Job-Hunting Expert Reveals 3 Strategies For Securing A Job
Published: Feb 06, 2014
February 6, 2014
Three-Step Approach To Finding Work In The Growing Biotech Industry
By Tony Beshara, Creator of The Job Search Solution, for BioSpace.com
In the past decade, U.S. biotech added an average of 9,600 new jobs each year. Employment for biological technicians is expected to grow by 28.2 percent by 2014, while employment for biological scientists is expected to grow by 17 percent, according to the Bureau of Labor Statistics (BLS). What’s more, biomedical engineers are expected to have 21 percent employment growth through 2016—much faster than the average for all occupations.

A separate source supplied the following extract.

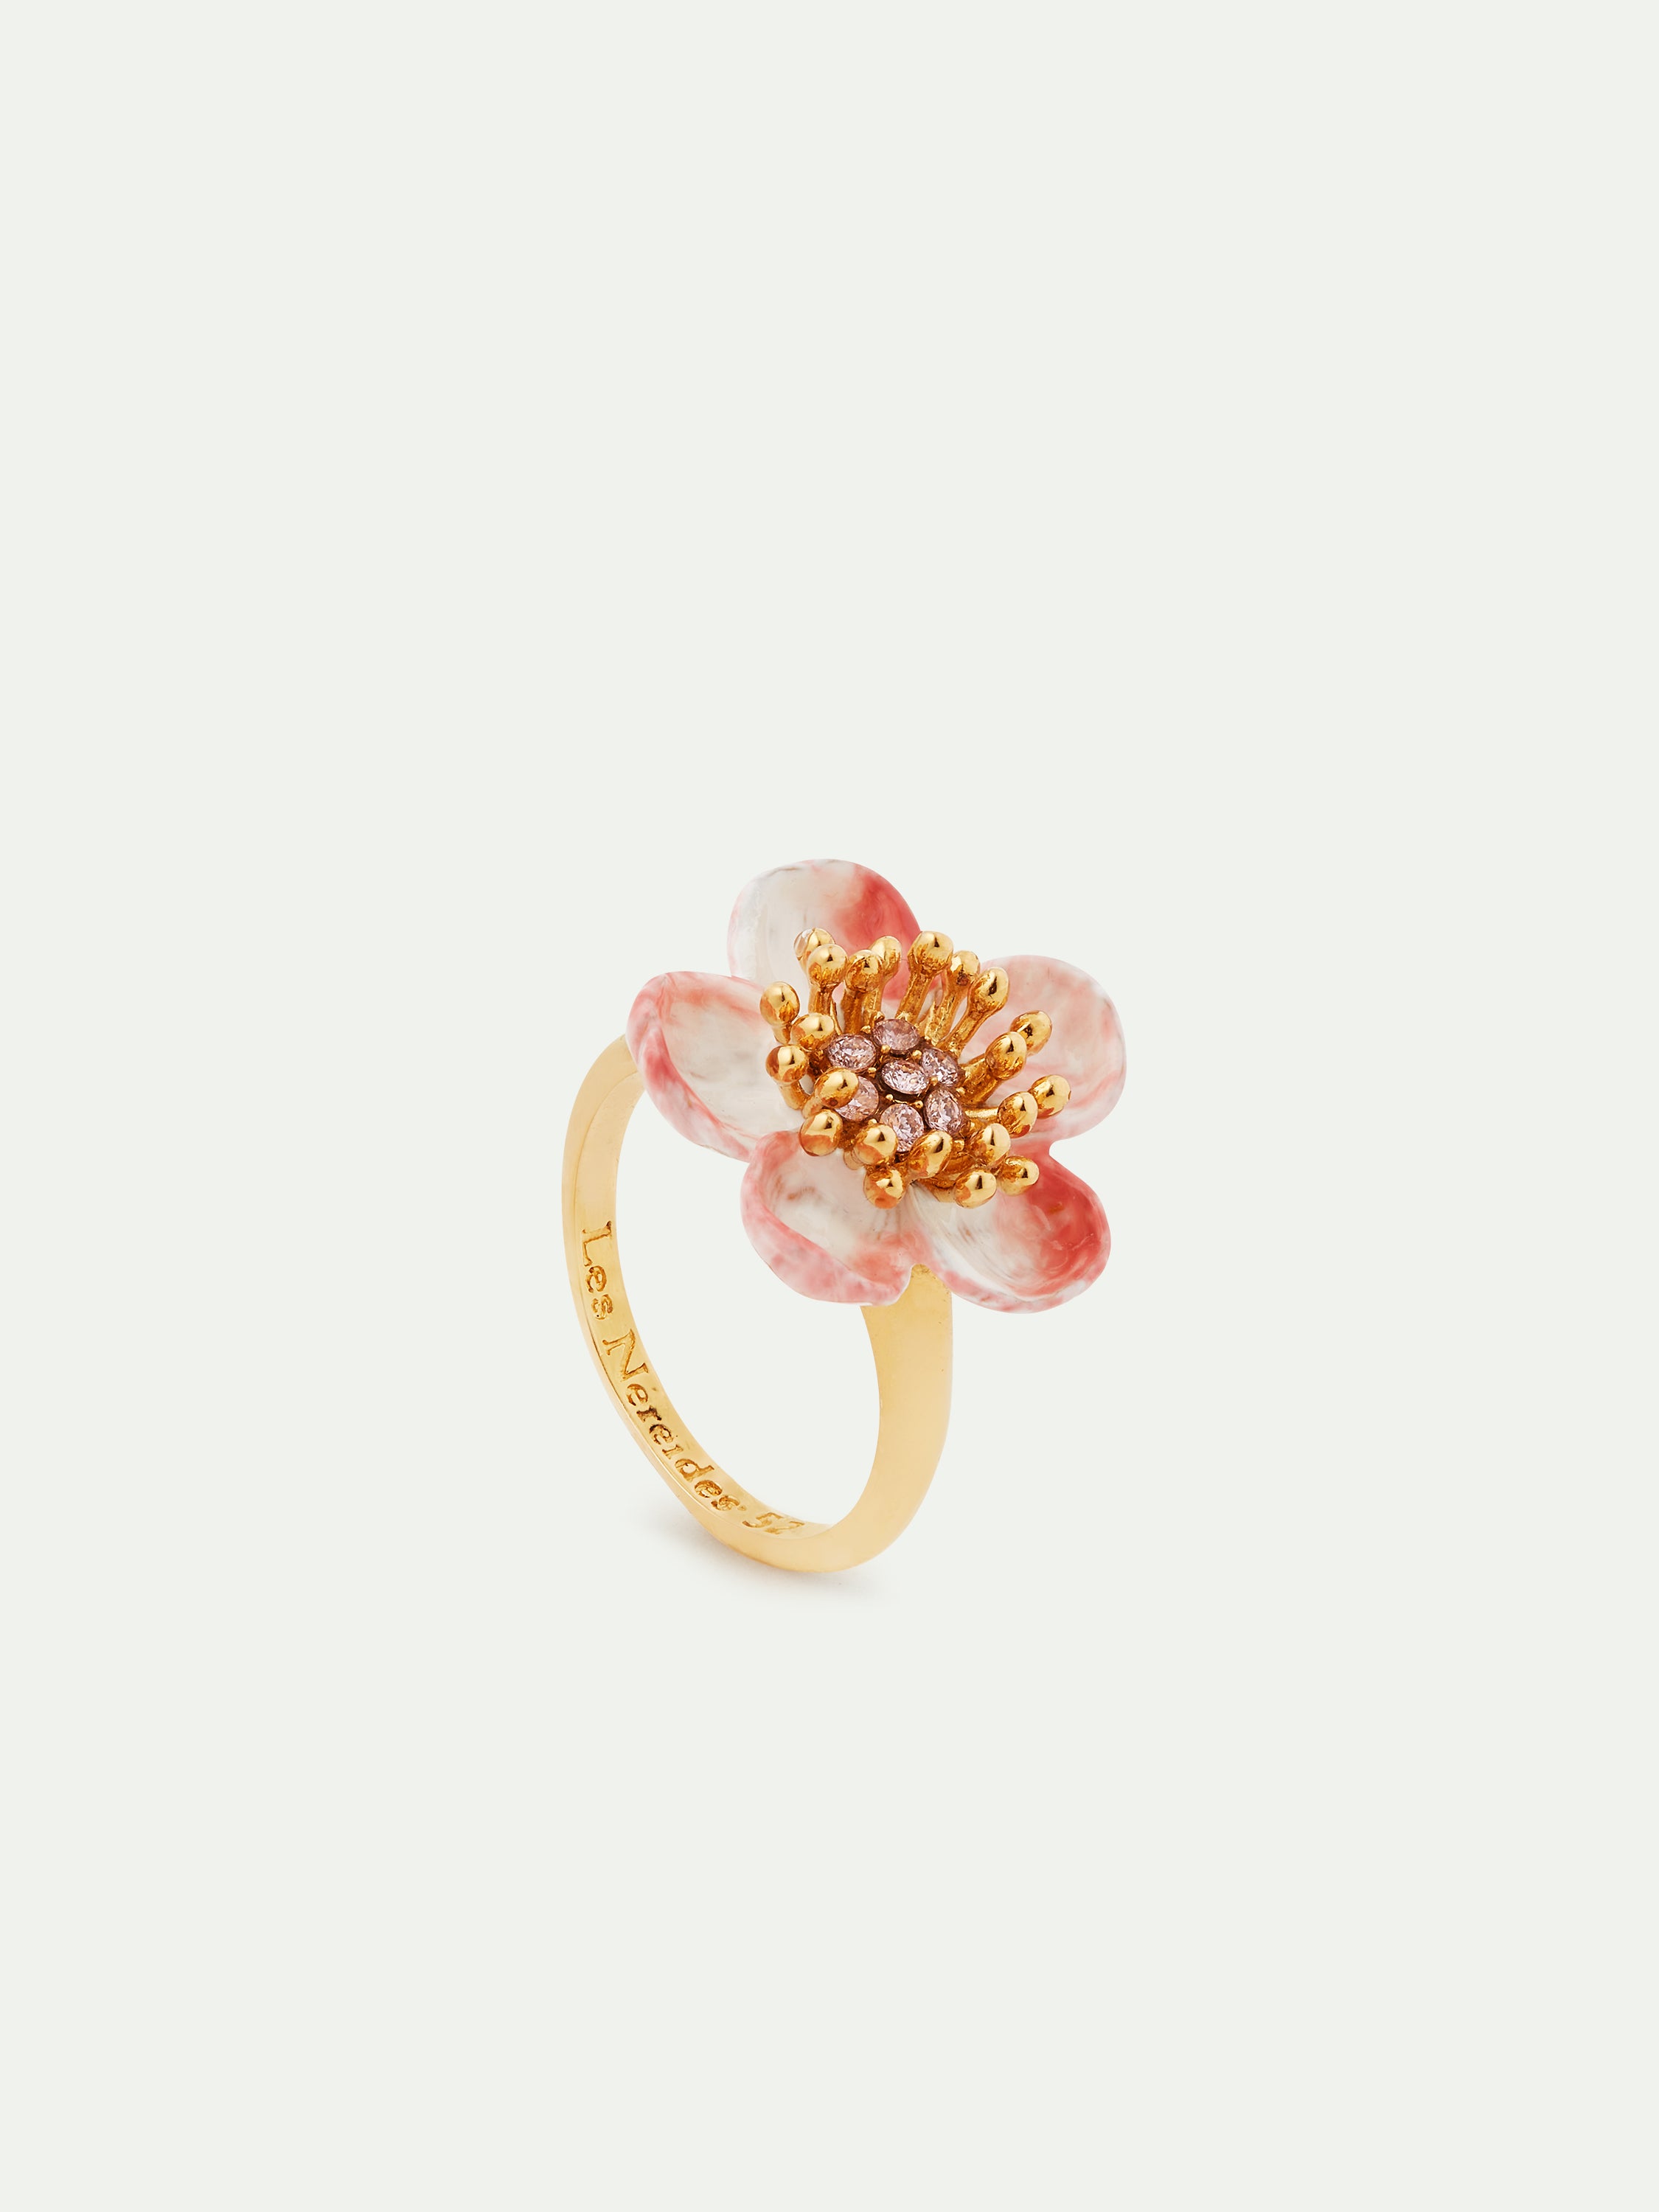 Apple blossom cocktail ring

Whether you are looking for work as a medical scientist, biological technician, lab technicians, biochemist, biomedical engineer, or microbiologist, this three-step program gives you the tools to master the process of finding the job of your dreams.
Step One: Create a list of everyone you know.
Create a list of anyone you know who could help generate job leads—friends, family, neighbors, schoolmates, teammates, or club/society members.
Contact everyone on your list, and ask them if they are hiring or know someone who is. If your first round of phone calls, texts, or emails fail to yield anything, contact everyone on your list 30 to 45 days later. Keep in mind that at least 60 percent of all jobs are found by networking.
Step Two: Create a list of every business you know.
Create a list of every business that might be interested in someone with your skills and experience. Finding work is a full-time job, so expect to make 40 to 50 calls to companies each day. The harder you strive, the more “luck” you’ll have. For example, if you are looking for a scientist position, keep a list of top XYZ biotechs as well as startups—you never know what may come up.
Step Three: Prepare when you finally land an interview.
When your efforts pay off, nailing the job interview begins with a considerable amount of preparation:
- Find out exactly what the company wants from a job candidate.
- Learn as much as you can about the company to help you answer interview questions and develop questions to ask the interviewer. For example, if you are applying to big pharma XYZ, you could say: "I know that the company focuses on cancer research. I’m a biologist, so I’d love to know more about the company’s drug development methods. Can you tell me more about the role that your biologists have (or will have) in the product development phase?"
- Make a list of your assets and match them to the job requirements.
- Create a list of your skills, experiences, and professional qualifications that you can expand on with real-life examples or anecdotes during the interview.